I stripped down the carbs one more time and ran them in the ultrasonic cleaner for 30 minutes, blew out all the components, I paid attention to the idle screws, these are the new Dellorto carbs and the idle screws are a two part assembly with two separate springs, a washer and an O ring. The actual ram that lifts the slide is slotted with one flat surface that passes into the carb body, I may have had the ram not seated properly on the left carb and unable to lift the slide. I got that sorted on both carbs and made sure the slides lifted smoothly with each adjuster screw.
I removed the throttle cable / splitter and pair of throttle cables to each carb, checked and lubed everything and checked the routing from the splitter to the carb tops, all seems good. The carb slide springs are brand new stock spec, not the lighter ones.

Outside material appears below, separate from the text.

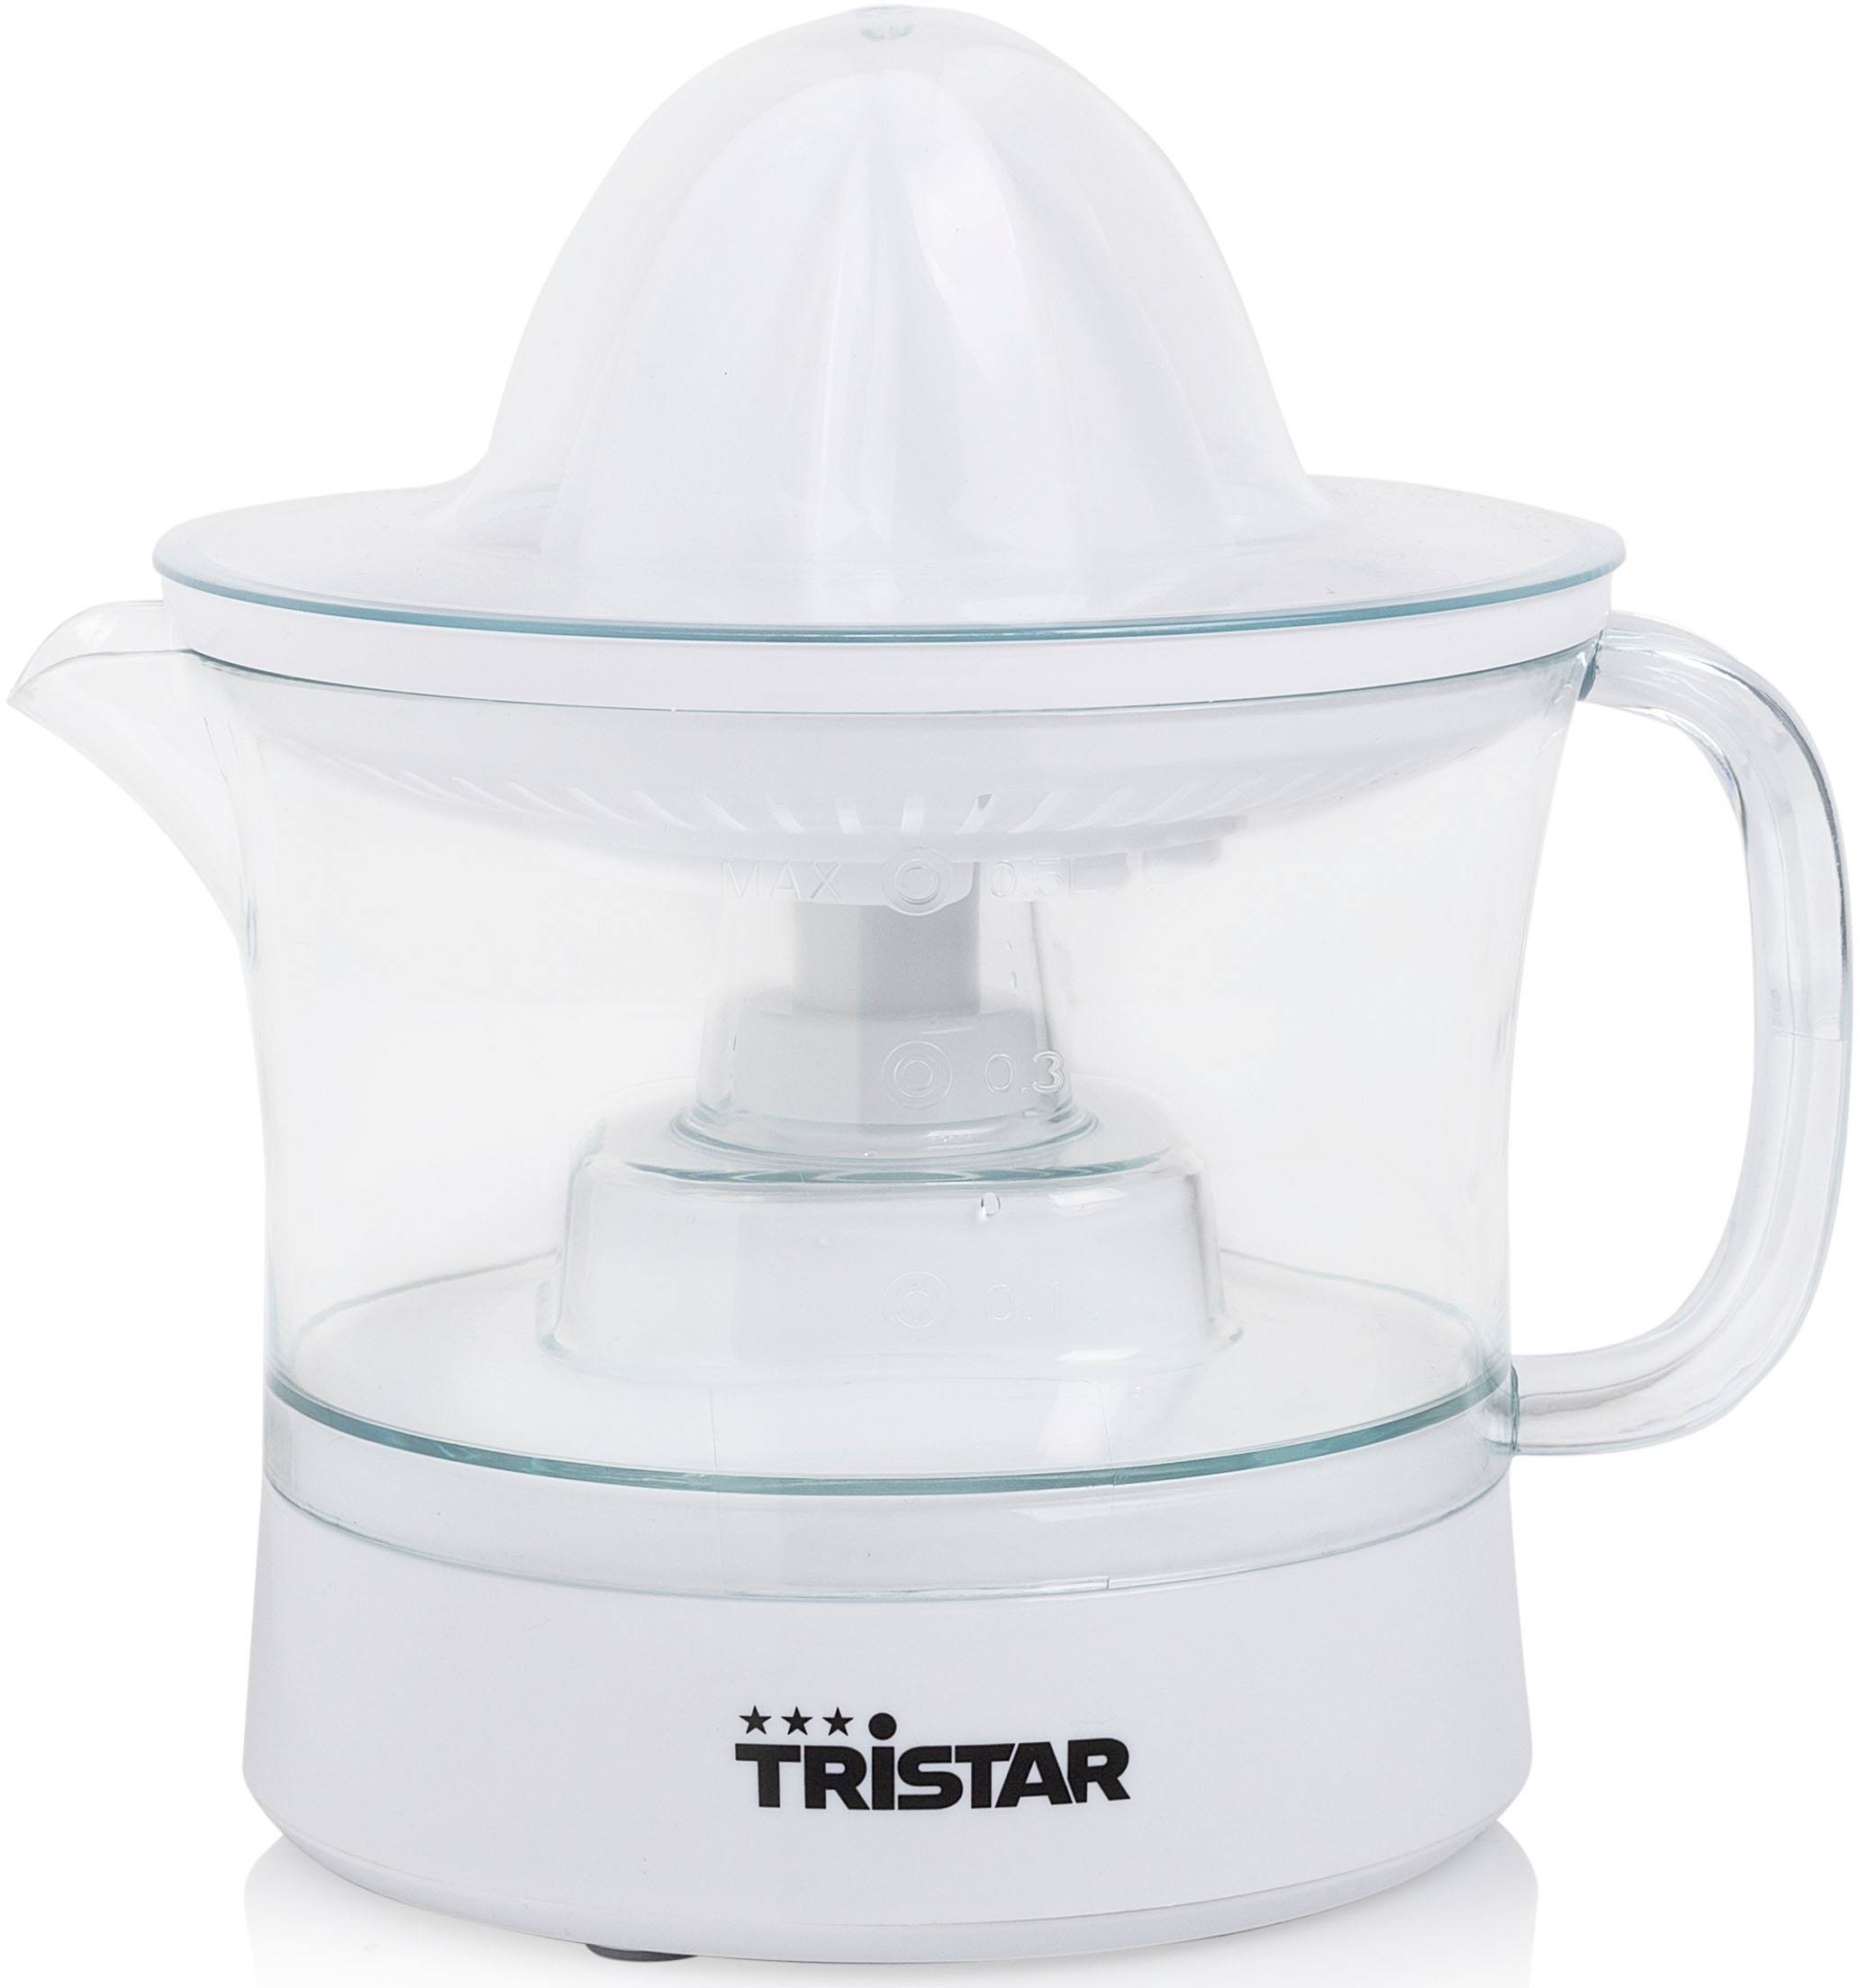 Tristar Zitruspresse "CP-3005", 25 W, 0,5 Liter Inhalt, 2 Presskegel-Größen für jede Citrusfrucht, 25 Watt
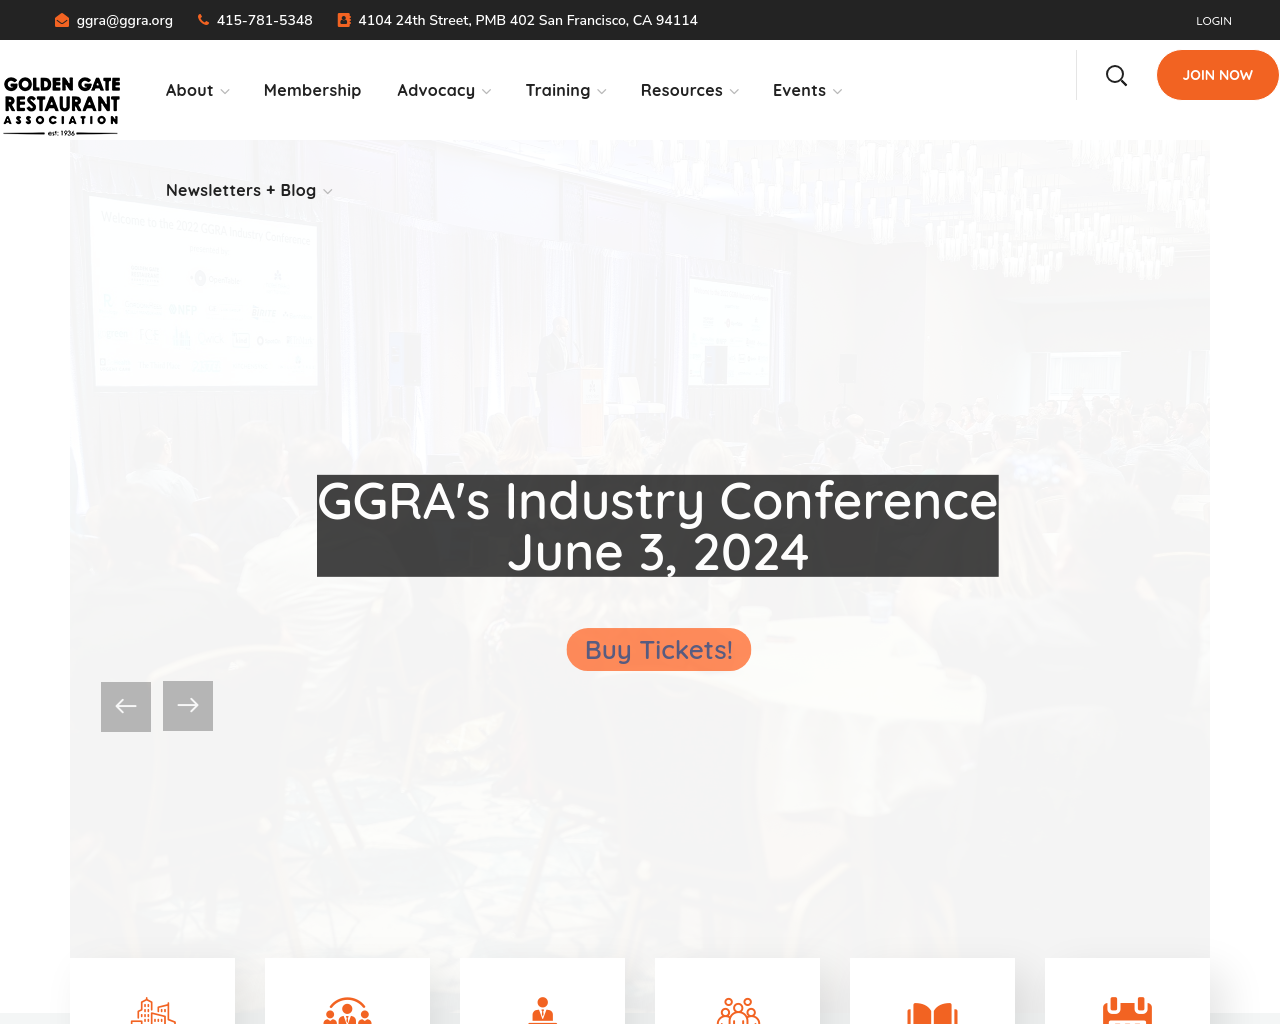 ggra.org

Got it all back together and with a fuel bottle hanging from above and just one operable choke on the left carb it fired up straight away. Then I pulled the spark plugs one at a time and set the idle and fuel screw. Once both plugs were back on the idle increased significantly so I backed off each idle screw to get the idle back down to around 1500 rpm (any lower and it wants to stall).
After a couple minutes with the choke off, the idle starts to climb and holds at around 4000 rpm. I then wind out the idle screws to drop the idle back down which it will do but then it wants to stall and I need to wind in the idle screws again and it all starts over again with idle climbing back up to 4000 rpm.
I checked the intake manifolds, which are not stock since the new style Dellorto take a rubber boot to clamp onto the carb body at the head side which then clamps onto to alloy manifold and then onto the plastic manifold spacer. The manifold spacers have O rings on both sides and I laid down a thin bead of flexible gasket sealant between all the joint faces that make up the manifold assembly. I don't think I have an air leak at the carb rubber boot to intake manifold, I sprayed WD40 around the manifolds while the engine was running and I didn't notice any change in RPM.
The bike is fitted with Witt electronic ignition and Dyna 5 ohm coils and new high tensions leads and caps.
The carb top caps have new O rings, the carb bodies are new, as are the slides (50's) so I just can't figure out why the RPM is rising?
For the throttle to rise up to 4000 rpm would I not have to have a significant air leak at the manifold OR the slides are rising?
Maybe I need to pull the air cleaner boots and place a mirror to look into the carb intakes to see if the slides are lifting as the rpm rises?